Reputation: 13
I'm working on a Spring project that needs exporting Redshift table data into local a single CSV file. The current approach is to:
UNLOAD (
'SELECT DISTINCT #{#TYPE_ID}
FROM target_audience
WHERE #{#TYPE_ID} is not null
AND #{#TYPE_ID} != \'\'
GROUP BY #{#TYPE_ID}'
)
TO '#{#s3basepath}#{#s3jobpath}target_audience#{#unique}_'
credentials 'aws_access_key_id=#{#accesskey};aws_secret_access_key=#{#secretkey}'
DELIMITER AS ',' ESCAPE GZIP ;
The above approach has been fine and all. But i think the overall performance can be improved by, for example skipping the S3 part and get data directly from Redshift to local.
After searching through online resources, i found that you can export data from redshift directly through psql or to perform SELECT queries and move the result data myself. But neither option can top Redshift UNLOAD performance with parallel writing.

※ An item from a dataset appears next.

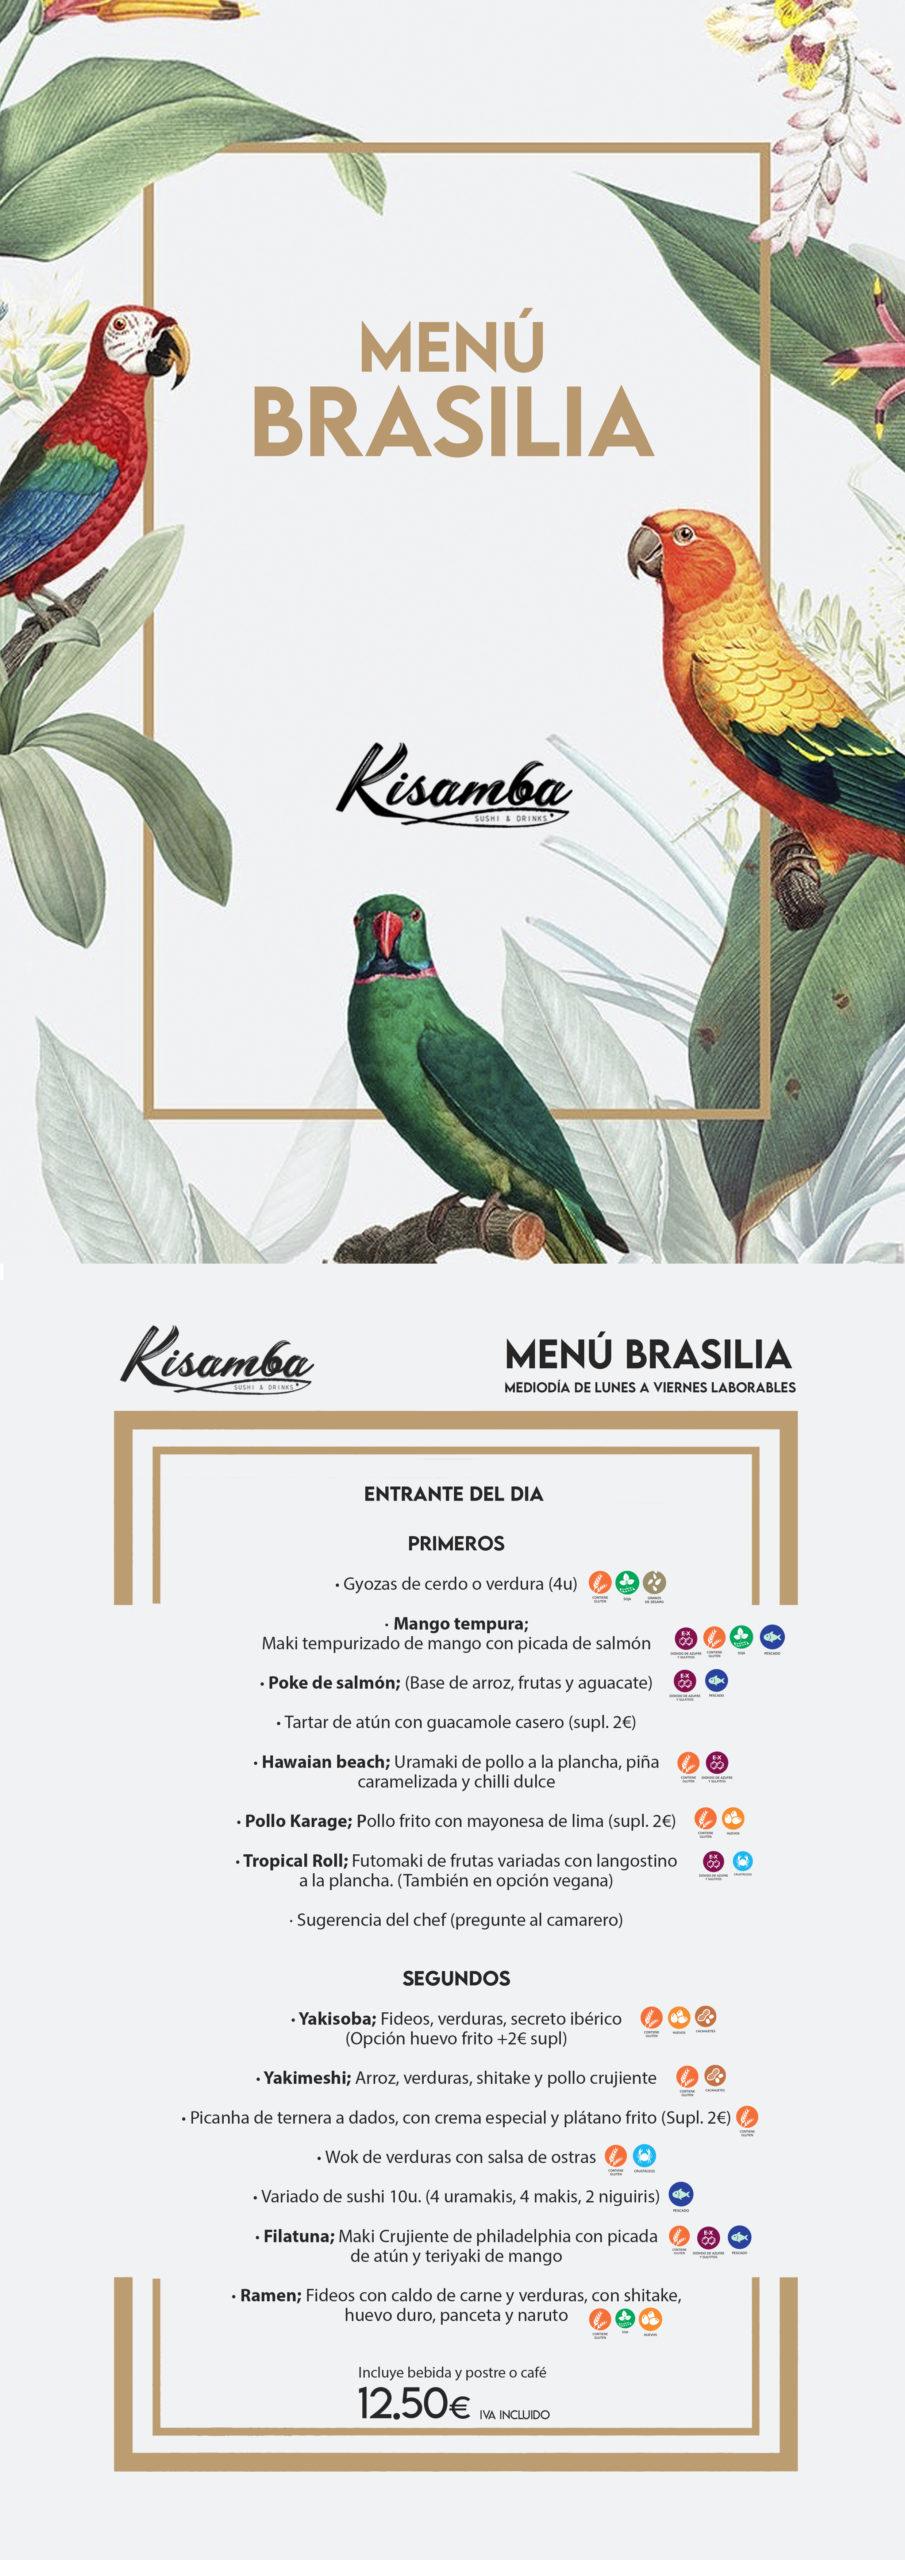 menu Brasilia mediodía

So is there any way i can mimic UNLOAD parallel writing to achieve the same performance without having to go through S3 ?
Upvotes: 1
Views: 2539
Reputation: 270124
You can avoid the need to join files together by using UNLOAD
with the PARALLEL OFF
parameter. It will output only one file.
This will, however, create multiple files if the filesize exceeds 6.2GB.

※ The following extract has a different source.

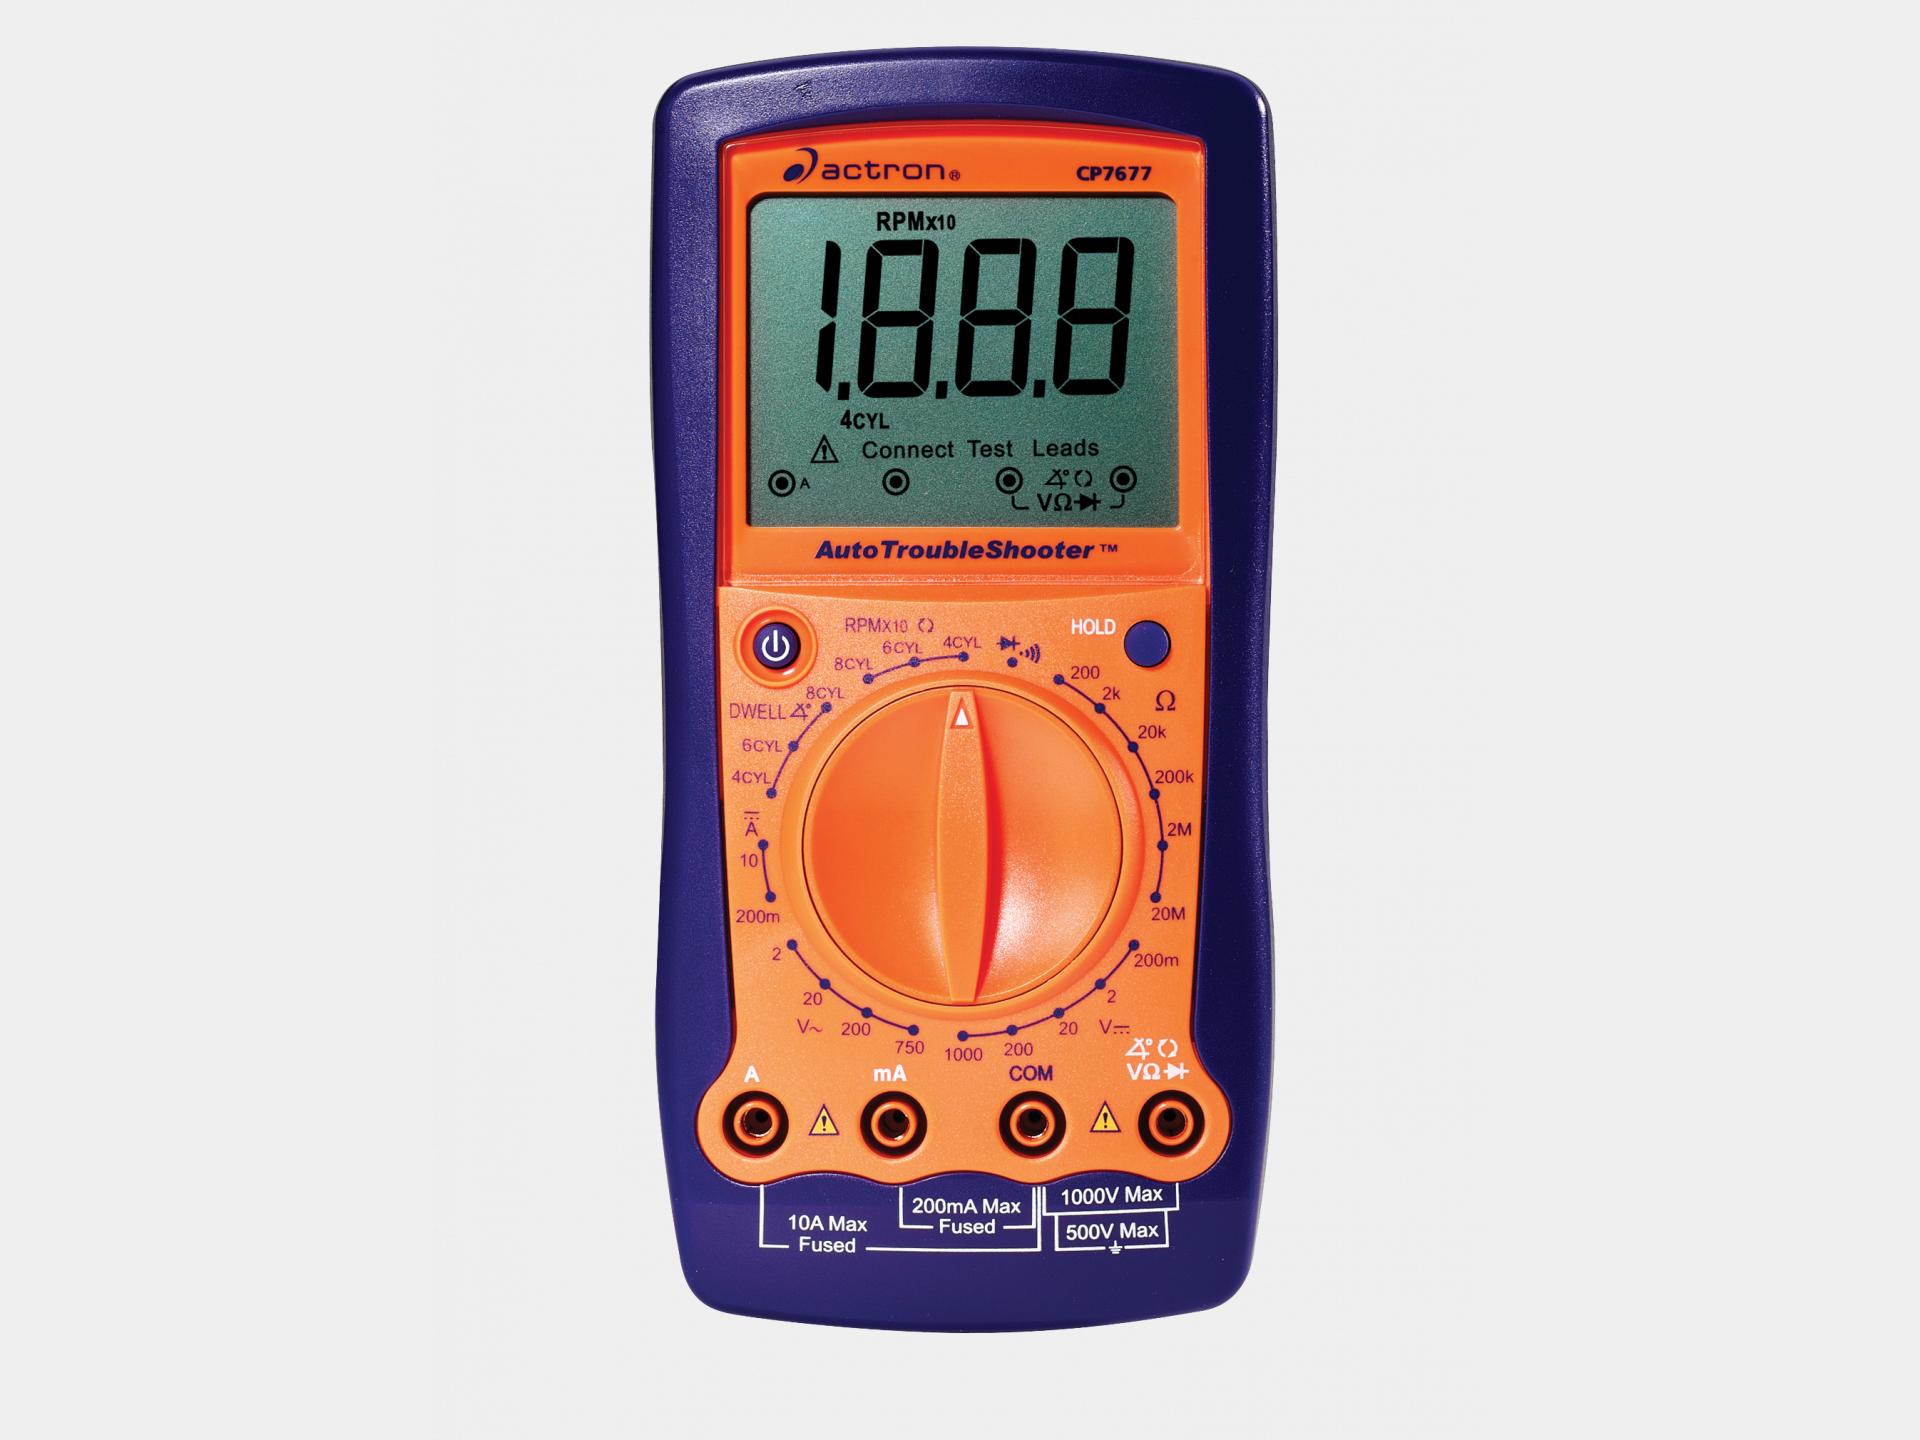 Otc 3980 Multimeter User Manual

It is doubtful that you would get better performance by running psql
, but if performance is important for you then you can certainly test the various methods.
Upvotes: 0
Reputation: 5739
We do exactly same as you'r trying to do here. In our performance comparison, it found to be almost same or even better in some cases in our user case. Hence programming and debugging wise its easy. As there is practically one step.
//replace user/password,host,region,dbname appropriately in given command
psql postgresql://user:[email protected]:5439/dbname?sslmode=require -c "select C1,C2 from sch1.tab1" > ABC.csv
This enables us to avoid 3 steps,
On other hand also saving some cost(S3 storing, though its negligible).
By the way, pgsql(9.0+) onwards, sslcompression
is bydefault on
.
Upvotes: 0